In 2003, HarperCollins Angus and Roberston published my third teenage novel, Caught in the Headlights, which received critical acclaim and was shortlisted in the Children's Book Council of Australia's Notable Books for Older Readers award. The novel also appeared on several Premier's Reading Lists around Australia.
Altair Australia Books picked up the rights to the out-of-print Andrakis series in 2005 and I re-wrote sections of the original novels before they were re-released as POD (print-on-demand) novels in 2006 with new titles: The Waking Dragon, Maker of Kings and The Dragonlord War. In the same year, Altair Australia also released an anthology of my stories, Tales of the Dragon.

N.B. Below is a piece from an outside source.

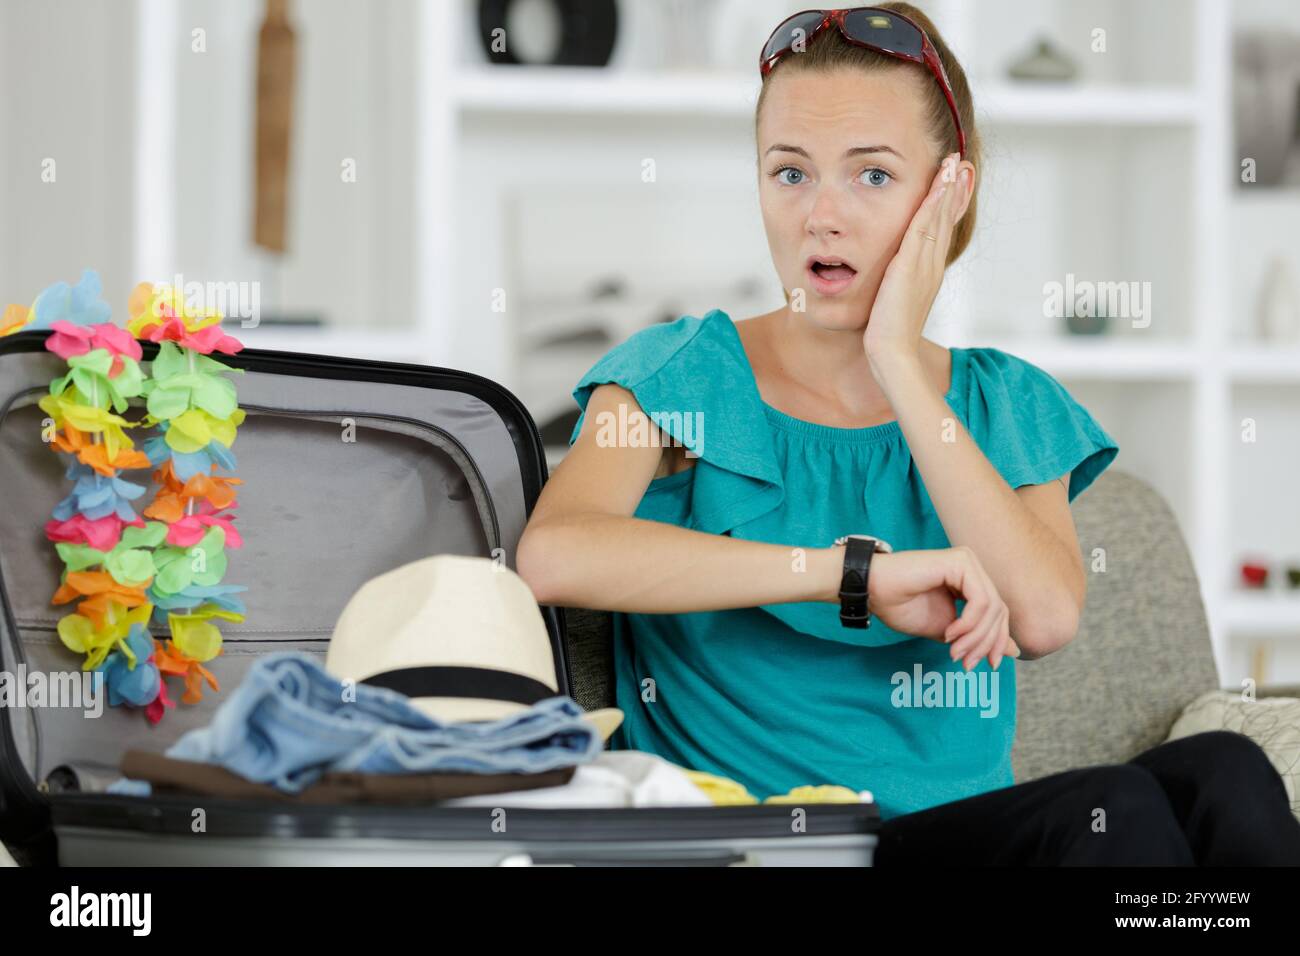 woman packing suitcase panicking as she realises the time Stock Photo

A new fantasy series emerged in 2006 with the release of The Amber Legacy by HarperCollins Voyager. It was the first in the four book series, Dreaming in Amber, and was followed by A Solitary Journey (2006), Prisoner of Fate (2007) and The Demon Horsemen (2008). This series brought together a collection of fantasy novels, that began with Guardians in 1992, into one long saga about the dragonlords and the amber magic. So, essentially, the Andrakis trilogy, the Ashuak Chronicles and the Dreaming in Amber quartet combine to complete a fantasy world history and story. In 2011, HarperCollins moved the Dreaming in Amber quatrology to Kobo e-books.
From 2010-2015, I worked on several fledging novel projects, in different genre, and published a couple of short stories.
At the beginning of 2015, I began experimenting with ePub self-publishing through Amazon Kindle Direct by re-publishing several out of print books on my backlist, beginning with the Andrakis trilogy as three separate books - The Waking Dragon, Maker of Kings and Dragonlord Wars - and as an omnibus edition with all three books combined, as Andrakis. I also re-published the story anthology Tales of the Dragon.